The records ranged from the bold and daring to the downright daft. He kept up a fast pace to get through the list, dashing around London between locations by the quickest means possible.
He appeared throughout the day on various TV and radio shows to gain as much support and sponsorship for his Record Breakers as he could. The hawk-eyed umpire from Guinness World Records watched his efforts closely, instantly confirming (or disqualifying) each and in the end, he managed to beat 12 records, including two which involved some of our employees.
Sport Relief is an initiative of Comic Relief, registered charity 326568 (England/Wales); SC039730 (Scotland).

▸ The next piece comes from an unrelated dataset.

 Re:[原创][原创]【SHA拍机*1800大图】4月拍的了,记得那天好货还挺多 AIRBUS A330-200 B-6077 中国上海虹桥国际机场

John Bishop survived his Week of Hell and raised over £1.6 million (and counting) for Sport Relief.
Starting in Paris on Monday, 27 February, he cycled 185 miles through rain, tyre punctures and even a tumble, reaching Calais at nearly 3 in the morning. After a very short nap, John was joined by Davina McCall, Freddie Flintoff and Denise Lewis in a boat and rowed a punishing 22 miles across the Channel to Dover.

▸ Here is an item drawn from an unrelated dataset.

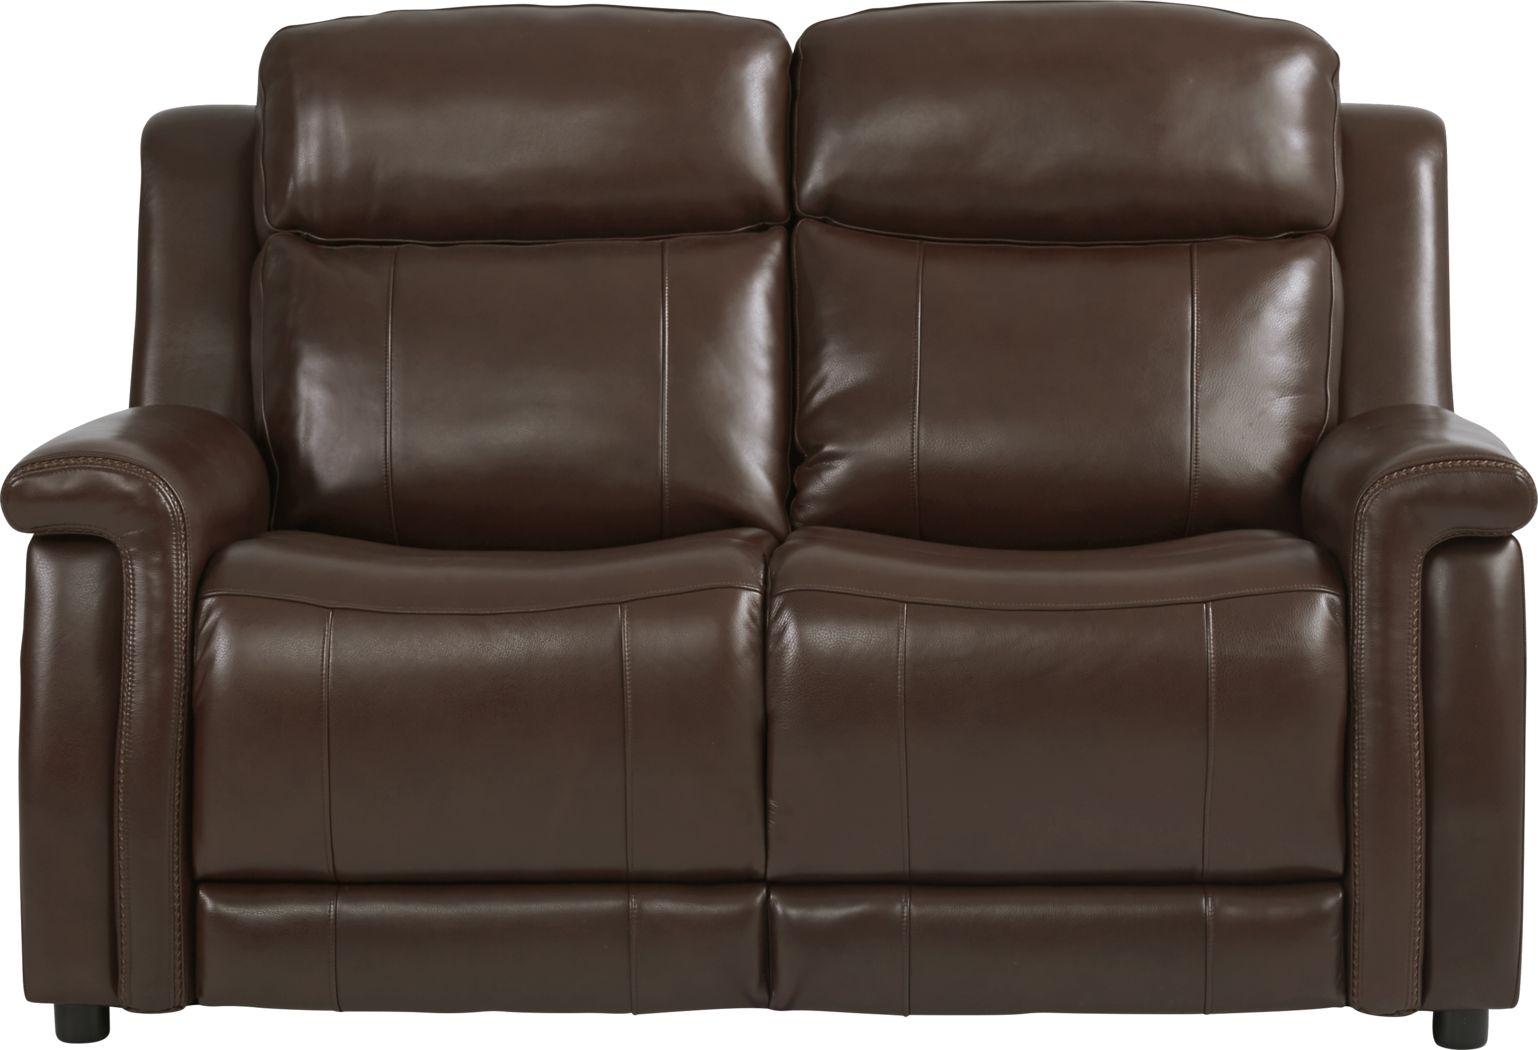 Orsini Brown Leather Loveseat

Exhausted, sore and a bit seasick, sleep was a welcome but brief respite as Wednesday morning saw him donning his running shoes to start the first of three marathons – taking him from Dover to London.
With each step, John experienced massive pain driven by shin splints and a nasty Achilles injury, but the crowds, including excited school children, and Openreach employee volunteers cheered him on through each mile.

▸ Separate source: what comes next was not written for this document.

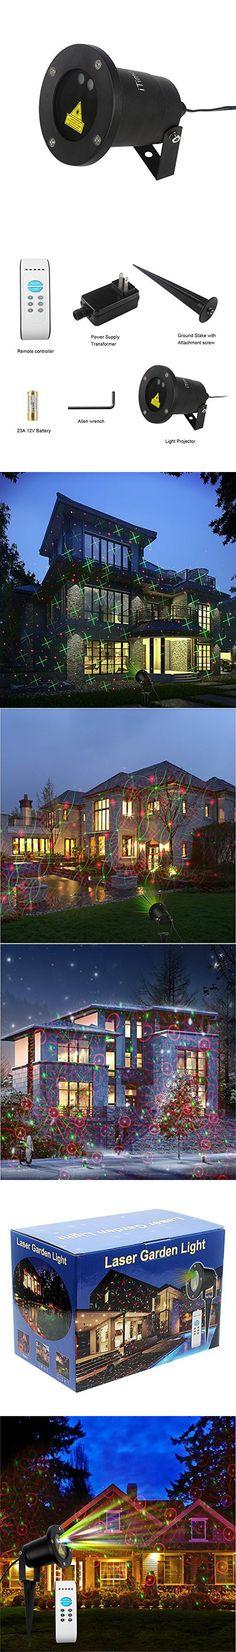 Christmas Laser Light,DRILLPRO Waterproof Red  Green Laser Light

Chris Moyles and Comedy Dave from BBC Radio 1, Dermot O’Leary, Frank Skinner, Robbie Savage and his own brother joined him for various legs (no pun intended) of the gruelling 90 miles as John ran his way through villages, farms and cities throughout the counties of Kent.
Absolutely knackered and limp-running in pain, John arrived in Trafalgar Square a few minutes past five in the evening greeted by hundreds of well-wishers, waving flags, wearing “bishop” mitre hats and holding banners. As he crossed the finish line, bursts of flame exploded in the air and he embraced his family and then his friend and fellow comedian Jason Manford, who emceed the activity in the Square.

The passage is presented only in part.